ClaimsWhat is claimed is:

1. In a wireless TDMA communication system, a method for generating a hybrid transmission frame having a known duration for concurrent audio and data transmission, said method comprising the steps of: prioritizing received data requests representative of said audio data and data transmission, wherein said audio data requests are assigned a high priority; allocating each of said audio data requests to one of a fixed duration channel within a first portion of said frame; and allocating said data transmission requests to a remaining portion of said frame.

2. The method as recited in claim 1, wherein said fixed duration channels are voice channels.

3. The method as recited in claim 1 , wherein said first portion is of a known duration.

4. The method as recited in claim 1, wherein said first portion is of a variable duration.

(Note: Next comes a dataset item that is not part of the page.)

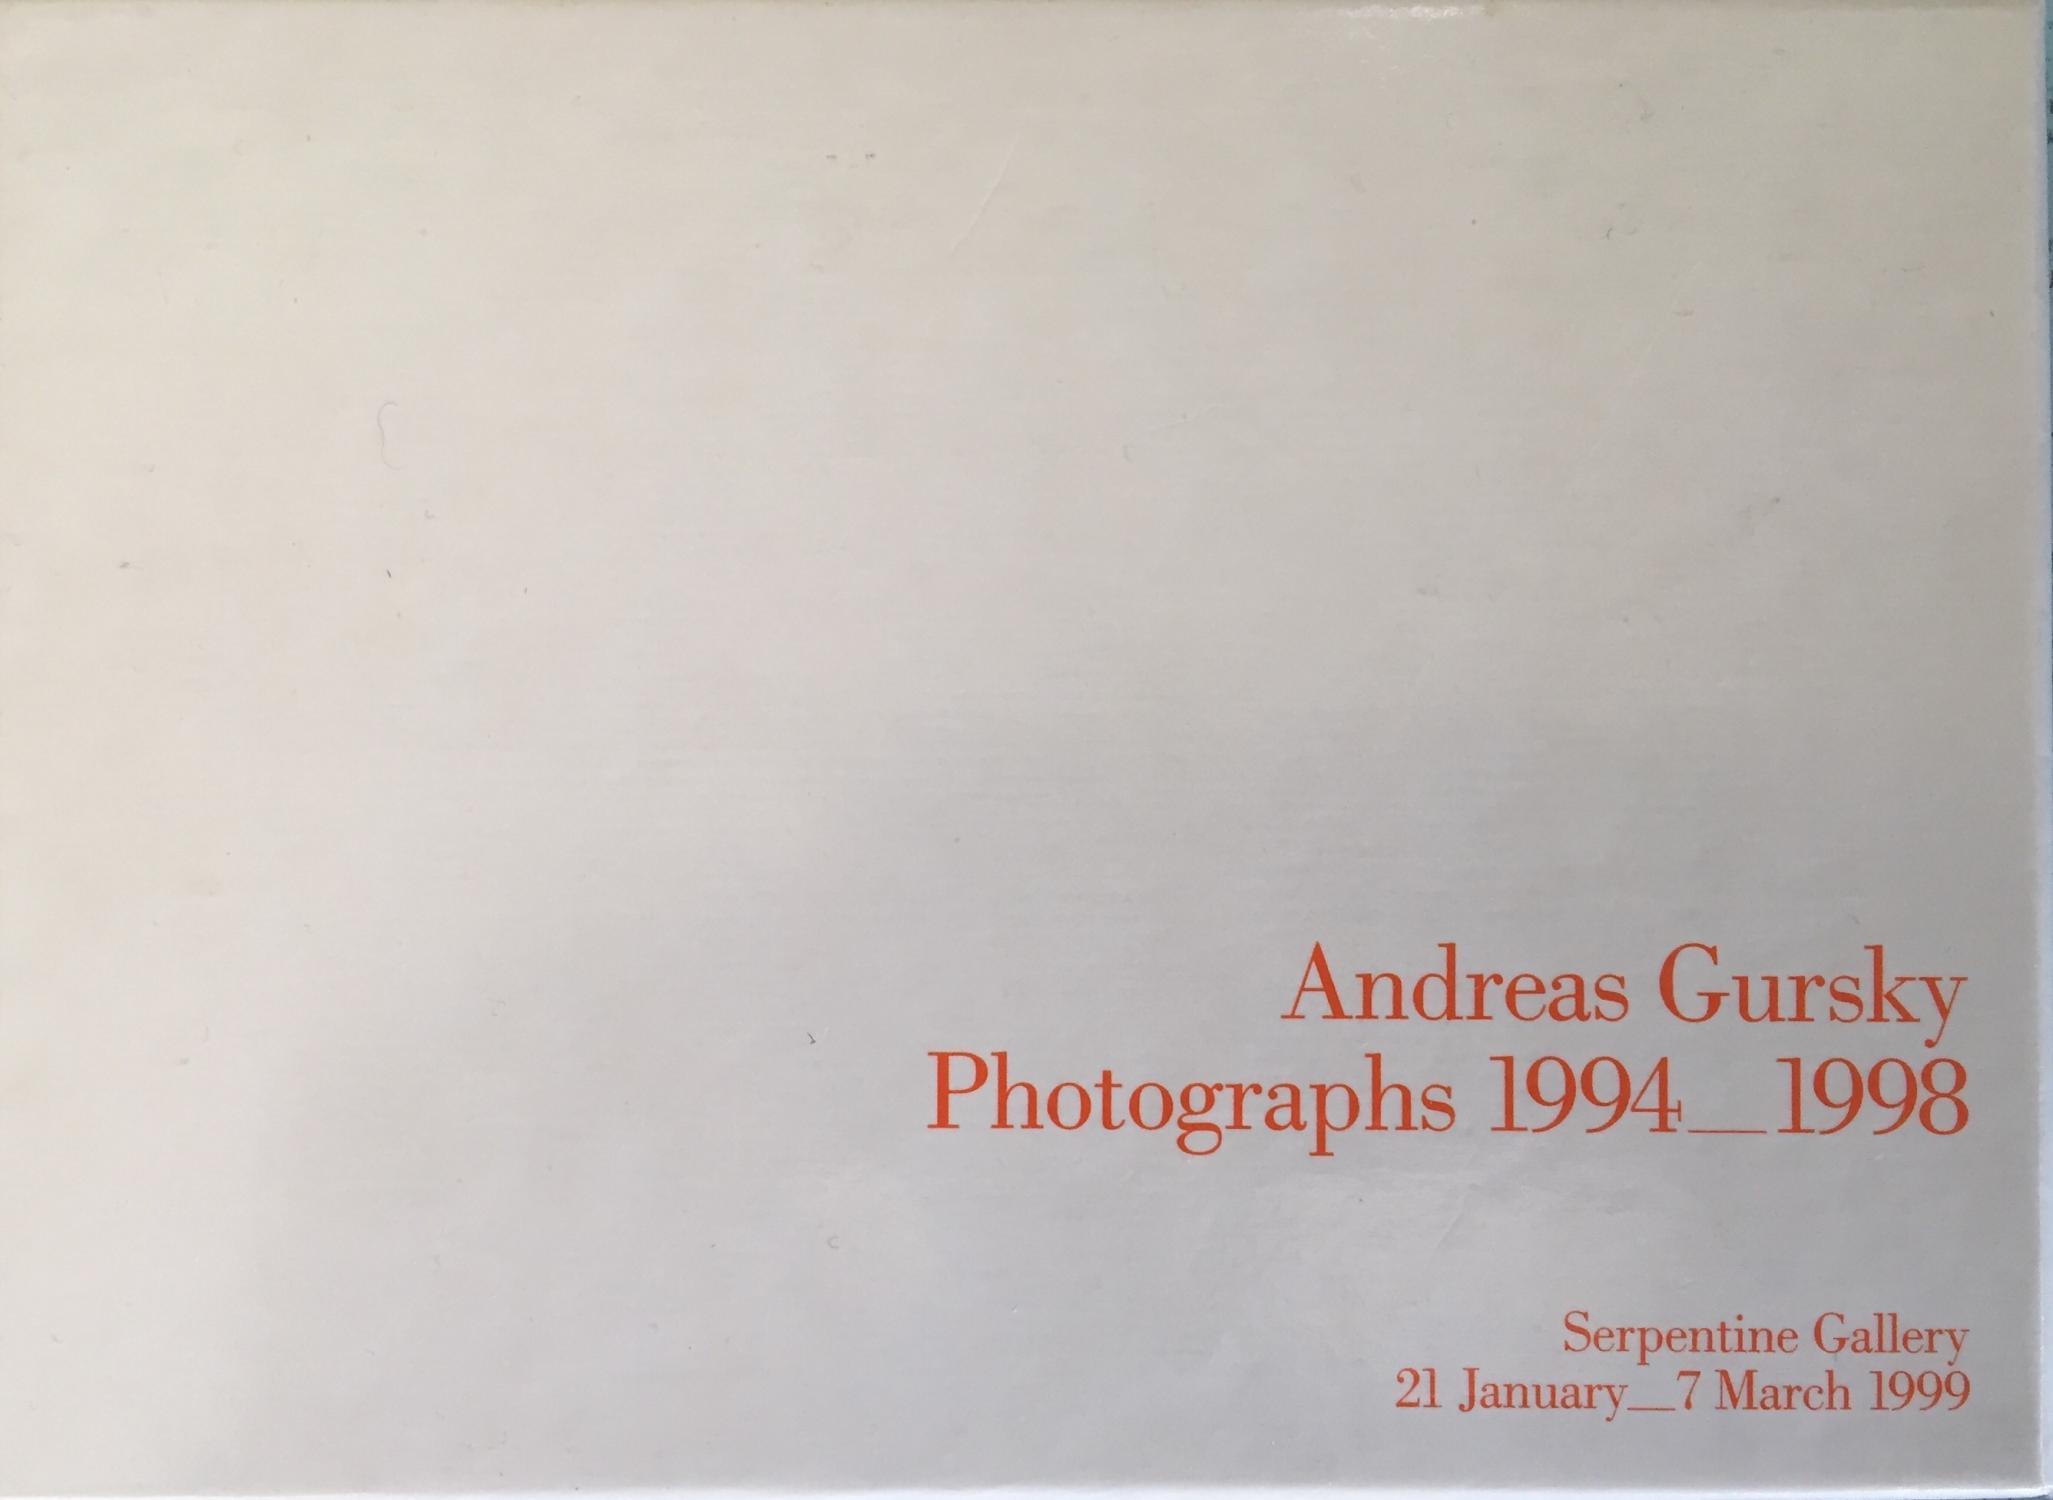 Photographs 1994_1998: Andreas Gursky

5. The method as recited in claim 3 wherein said first portion known duration is an integral number of said fixed duration channels.

6. The method as recited in claim 4 wherein said variable duration depends on a number of said audio data requests.

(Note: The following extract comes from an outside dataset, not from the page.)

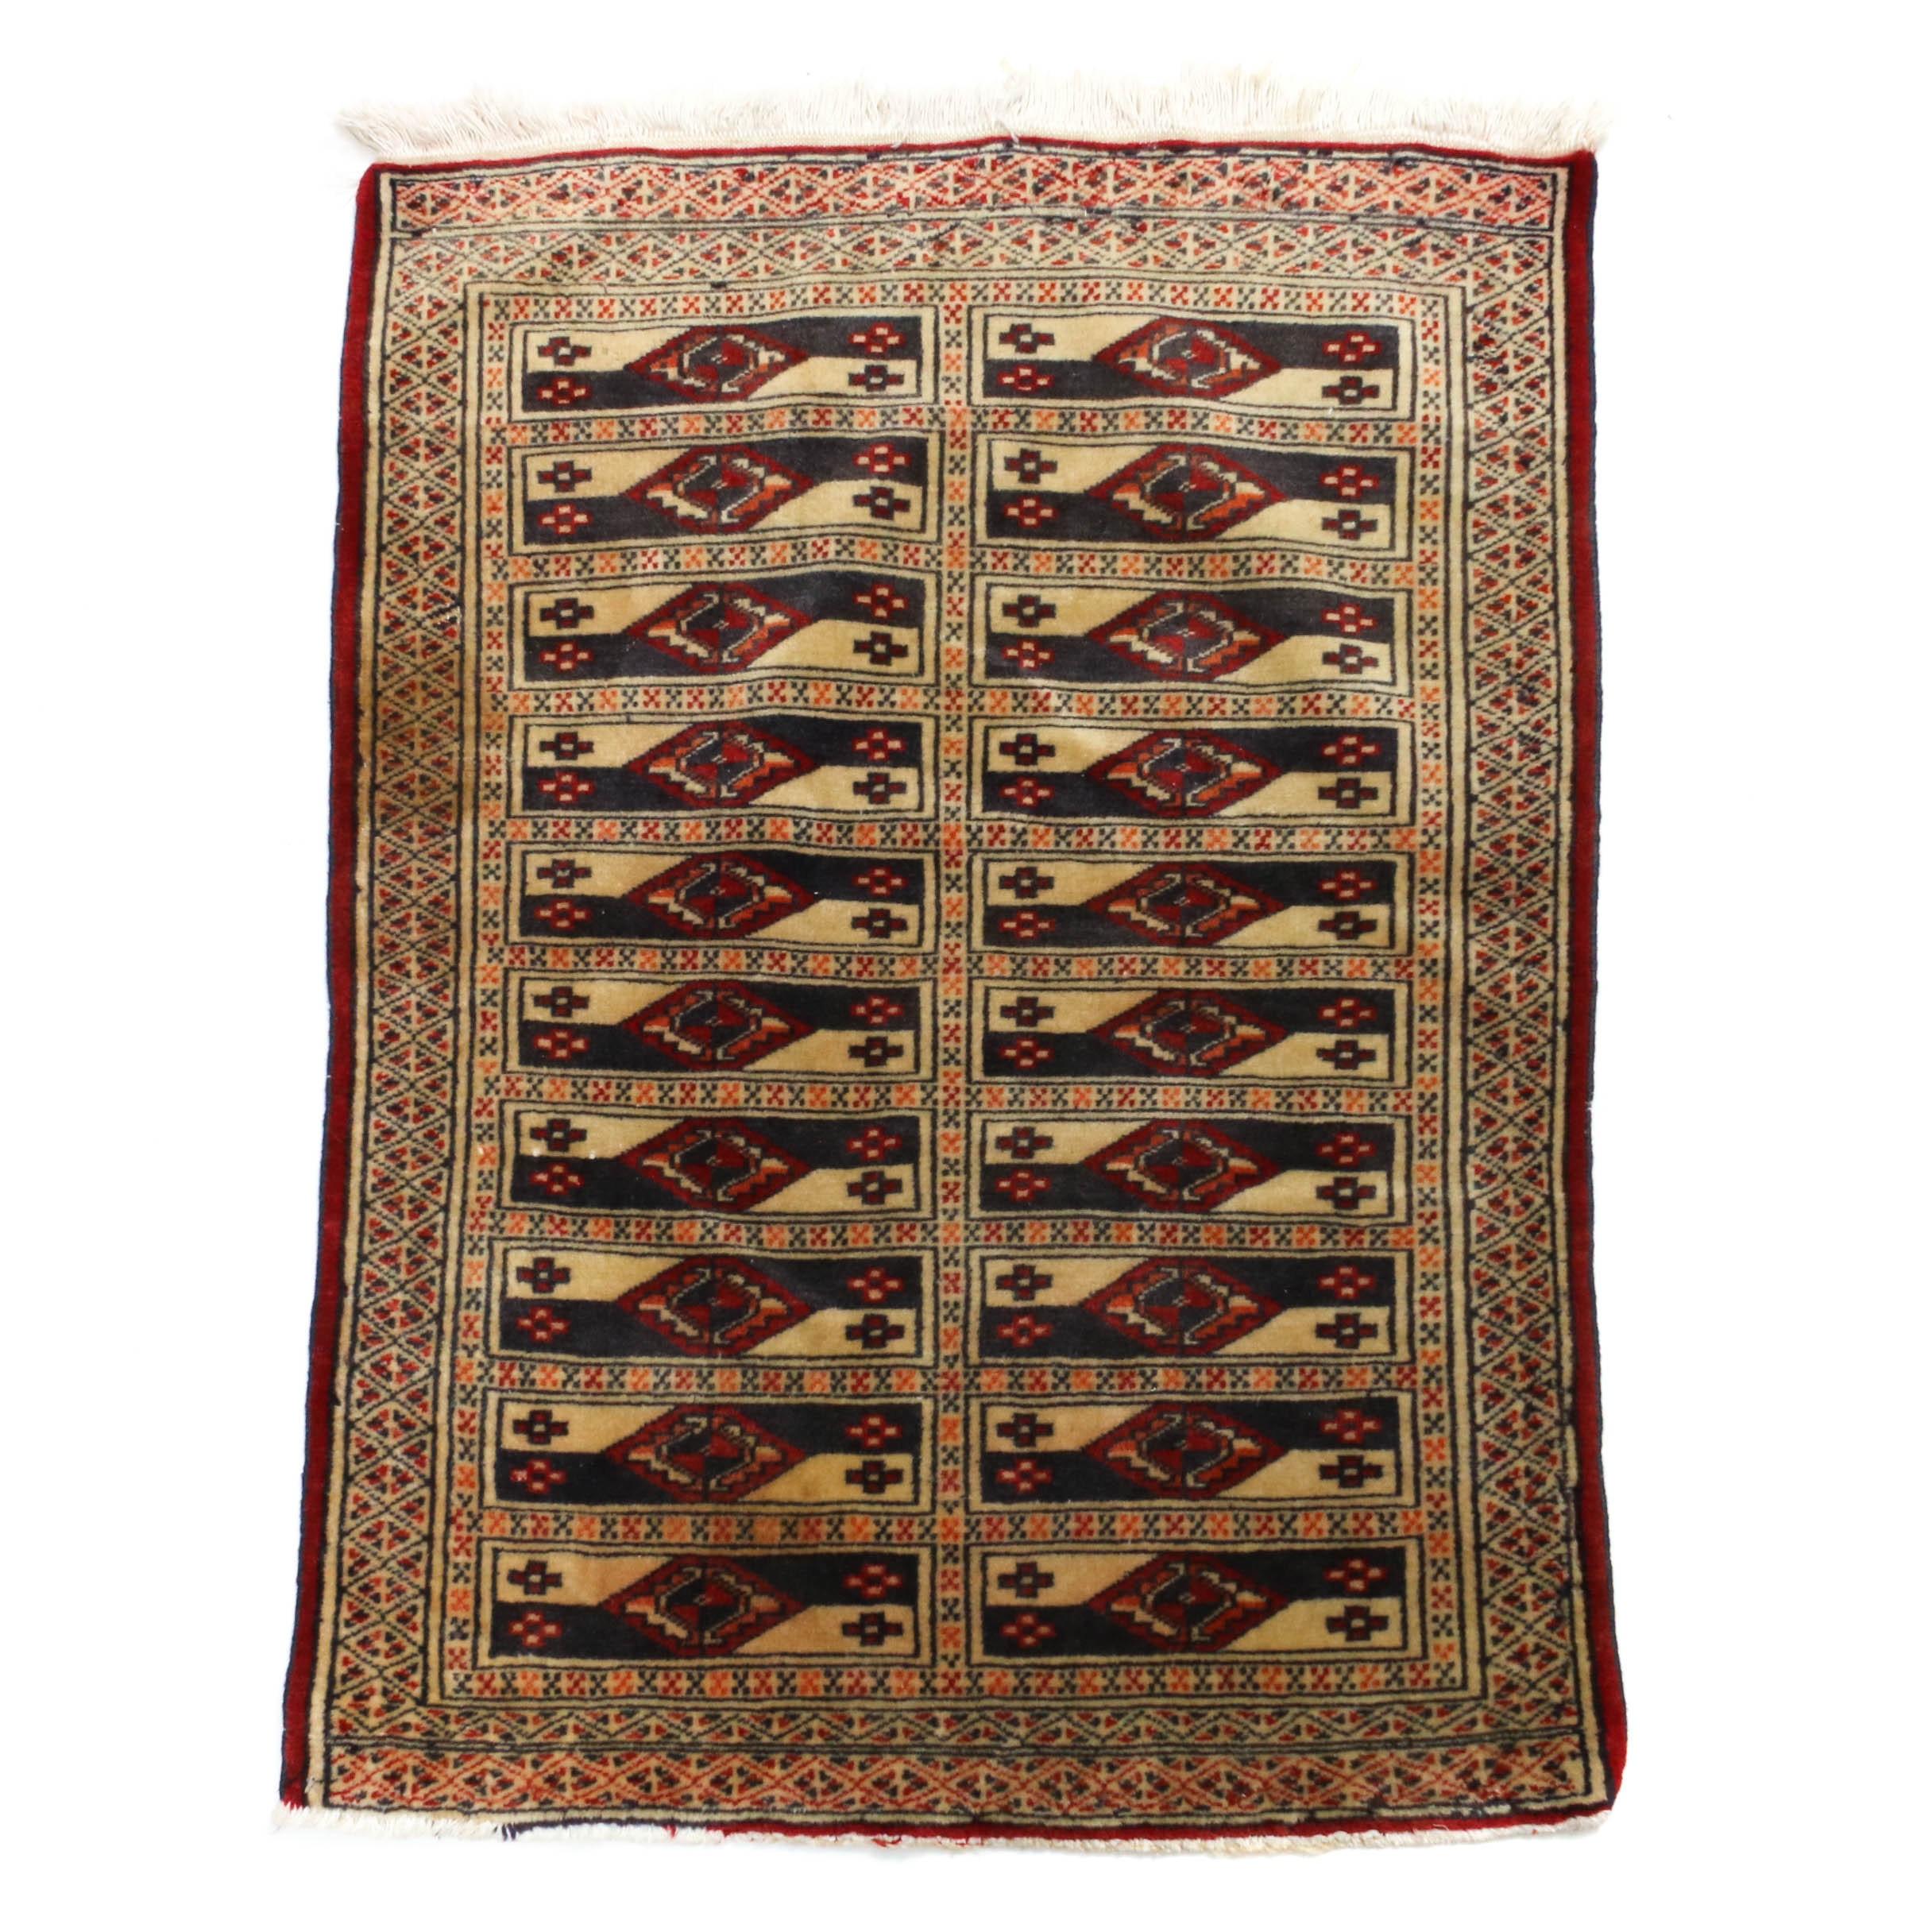 2'3 x 3'3 Hand-Knotted Persian Turkoman Wool Rug, Circa 1930

7. A hybrid transmission frame for a TDM communication system having a known duration comprising: a first section having a known number of fixed duration channels; and a second section occupying said remaining portion of said frame known duration.

8. The frame as recited in claim 7, wherein said fixed duration channels are voice channels.

9. The frame as recited in claim 7, wherein said first section known number of fixed duration channels is predetermined..

10. The frame as recited in claim 7, wherein said first section known number of fixed duration channels is variable.

1 1. The frame as recited in claim 10, wherein said variable number depends on a number of data requests.

12. The frame as recited in claim 1 1, wherein said data requests are selected from the group comprising: audio data, constant bit rate data.

13. The frame as recited in claim 1 wherein said known duration is selected from the group comprising a range between 2 and 10 milliseconds.

14. The frame as recited in claim 7 wherein said known duration is selected from the group comprising a range between 2 and 10 milliseconds.

15. In a wireless TDMA communication system, a system for generating a hybrid transmission frame having a known duration for concurrent audio and data transmission, said system comprising: a processor in communication with a memory operable to execute code for: receiving data requests representative of said audio when said audio data requests are available; receiving data requests representative of and data transmission when said data transmission requests are available; prioritizing said received data requests, wherein said audio data request are assigned a high priority; allocating each of said audio data requests to a fixed duration channel within a first portion of said frame; and allocating said data transmission requests to a remaining portion of said frame.

16. The system as recited in claim 15, wherein said fixed duration channels are voice channels.

17. The system as recited in claim 15, wherein said first portion is of a known duration.

18. The system as recited in claim 15, wherein said first portion is of a variable duration.

19. The system as recited in claim 17, wherein said first portion known duration is an integral number of said fixed duration channels.

20. The system as recited in claim 18 wherein said variable duration depends on a number of said audio data requests.

21. The system as recited in claim 15 wherein said audio data requests are representative of data selected from the group comprising: voice data, constant bit rate data.

22. The method as recited in claim 1 , wherein said audio data requests are representative of data selected from the group comprising: voice data, constant bit rate data.